Many inclusionary zoning ordinances include density bonuses
or other offsets to compensate land owners for the foregone revenue associated with inclusionary zoning requirements. Well-designed offsets help to facilitate political acceptance of inclusionary zoning policies, lessen the chances of successful legal challenges, and also reduce the likelihood that inclusionary zoning policies will create disincentives for new development, which could reduce the supply - and thus increase the price - of market-rate homes. Policies that are effective offsets may also be useful as incentives for voluntary inclusionary zoning policies.

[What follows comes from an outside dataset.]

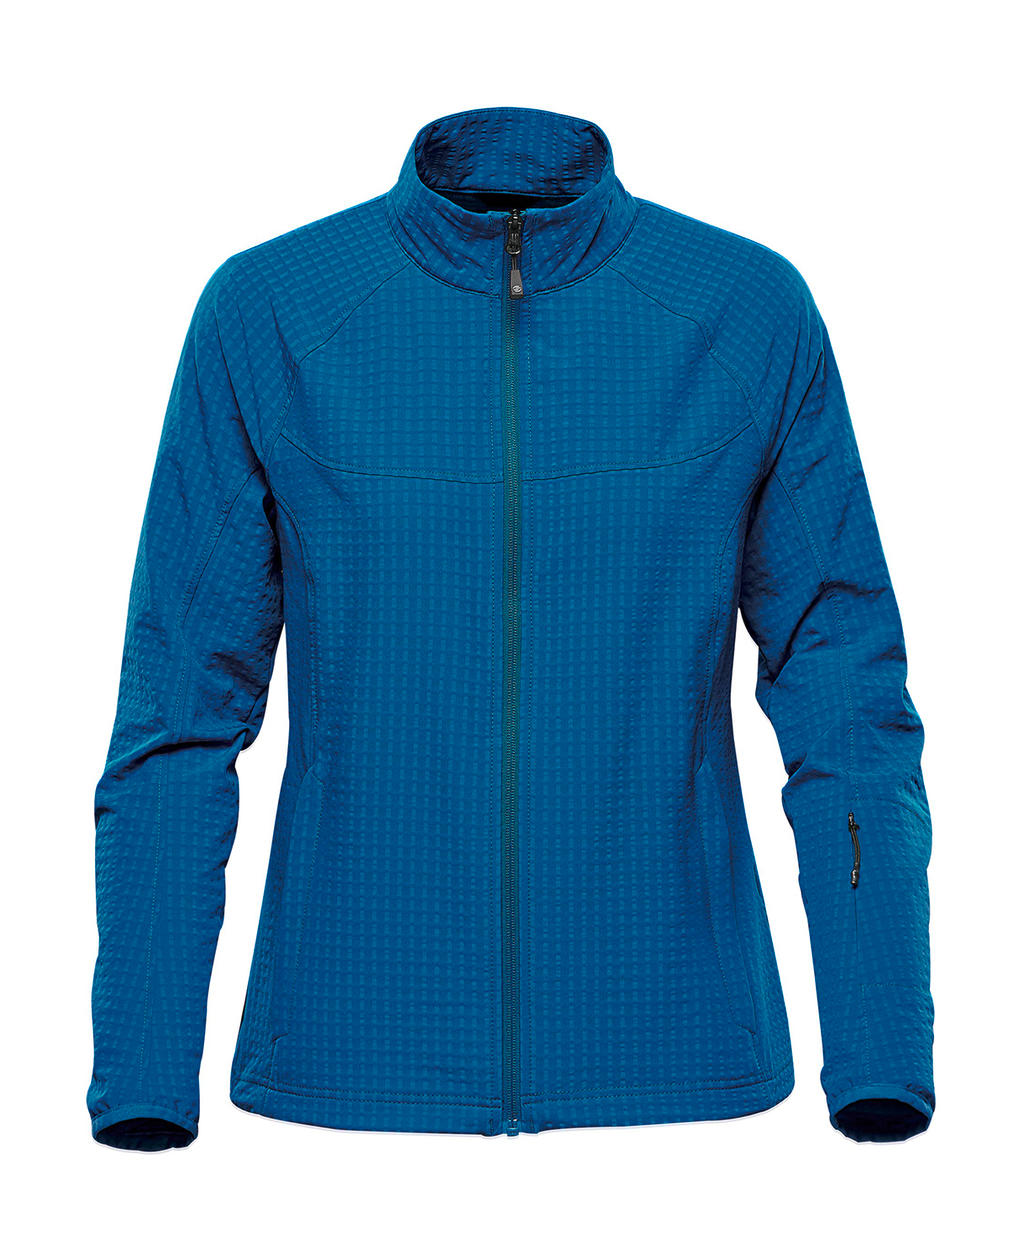  Womens Kyoto Jacket in Farbe Classic Blue

The economics of development vary substantially from community to community and from housing type to housing type. It is thus important for jurisdictions to carefully consider what offsets are appropriate for their community, rather than simply borrowing policies that have been adopted elsewhere. Because for-profit developers are well-positioned to speak to market realities, and may be a political force affecting the chances of passage of an inclusionary zoning policy, it is important to include them in discussions around the design of appropriate offsets, along with affordable housing advocates and nonprofit developers. This process can
sometimes take a considerable amount of time and require serious
negotiation, but many communities have found this legwork to be
worthwhile in developing and building support for effective
inclusionary zoning policies.
|Solutions in Action|
|Finding Common Ground on Inclusionary Zoning -- In July 2005, the Non-Profit Housing Association of Northern California, an affordable housing advocacy group, and the Home Builders Association of Northern California, a building industry trade organization, jointly issued On Common Ground: Joint Principles on Inclusionary Housing Policies [PDF]. While the two groups have different perspectives and opinions on inclusionary zoning, this document represents an effort to find "common ground" and identify shared areas of agreement. |
Recommendations in the policy brief include allowing market-rate builders to satisfy inclusionary requirements through land donation and off-site construction and making sure the local community is contributing to affordable housing production by offering density bonuses and providing dedicated staff to administer the inclusionary program.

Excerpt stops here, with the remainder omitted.